DALLAS - A new study reports on U.S. potential healthcare cost reductions achieved through medical tourism, citing a lack of cooperation on part of government and insurers, as main barriers.
The National Center for Policy Analysis, NCPA, which conducted the study, is a nonprofit, nonpartisan research institute advocating private solutions to public policy problems.

The study provides details on the increase in medical travel, travel costs and quality of care, change in the globalization of healthcare and legal and policy barriers that restrict it.

“Wealthy patients from developing countries have long traveled to the U.S. for high quality medical care," said NCPA Senior Fellow Devon Herrick, author of the report. "Now a growing number of less affluent Americans are traveling outside the U.S. for affordable healthcare that rivals care in the U.S. in quality."

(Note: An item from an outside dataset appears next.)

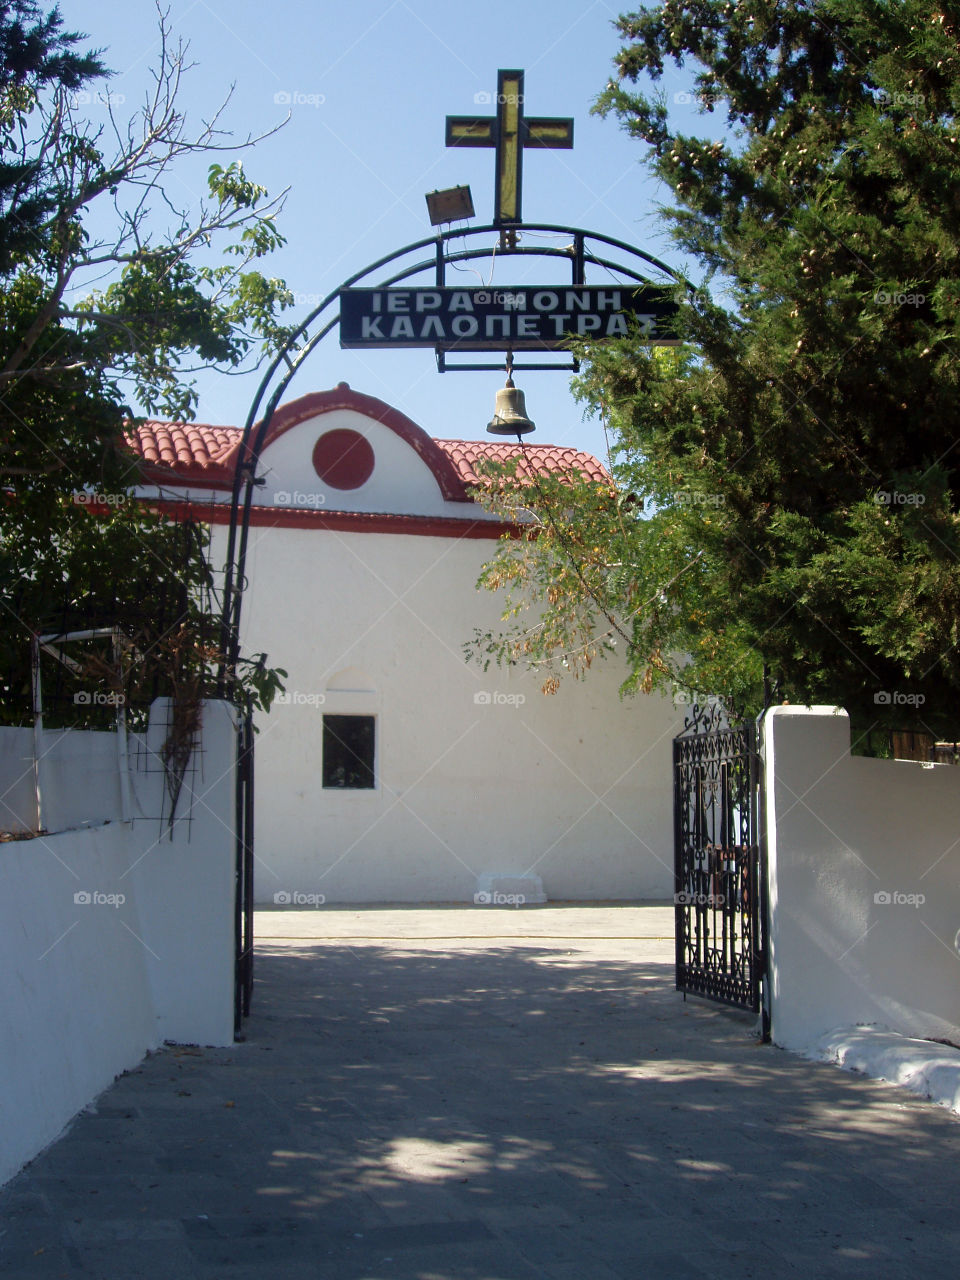 Monastery Entrance - Greece

The study outlines key strategies to reduce healthcare costs via medical tourism:

    • Collaboration between American and foreign hospitals

    • Outsourcing procedures

    • Health insurance plans that cover medical tourism

    • Global competition

Consulting firm, McKinsey & Company estimated that the medical tourism industry would rise to $100 billion by 2012.  Though the report acknowledges that not everyone will participate, it cites the study, How Health Insurance Inhibits Trade In Health Care by Aaditya Mattoo and Randeep Rathindran, which notes that “if only 10 percent of the top 50 low-risk treatments were performed abroad, the U.S. healthcare system would save about $1.4 billion annually.”

NPCA finds that although there is plenty of potential for cost savings, laws and policies are still a barrier to making it happen. Some examples cited include the Stark and HIPAA laws, which can hinder patient-physician communication as well as other licensing laws that affect procedures. Also, both private health insurers and public programs like Medicare and Medicaid are hesitant to send members abroad for care.

"Most insurers do not cover foreign providers, and we are unlikely to see a large number of patients going overseas right away," said Herrick. "But if these trends hold, the future of medical tourism will be insurers taking advantage of global competition by adding nearby lower cost foreign facilities to their network." For example, BlueShield of California's Access Baja plan is for people living near the border who want to receive physician care in Mexico.”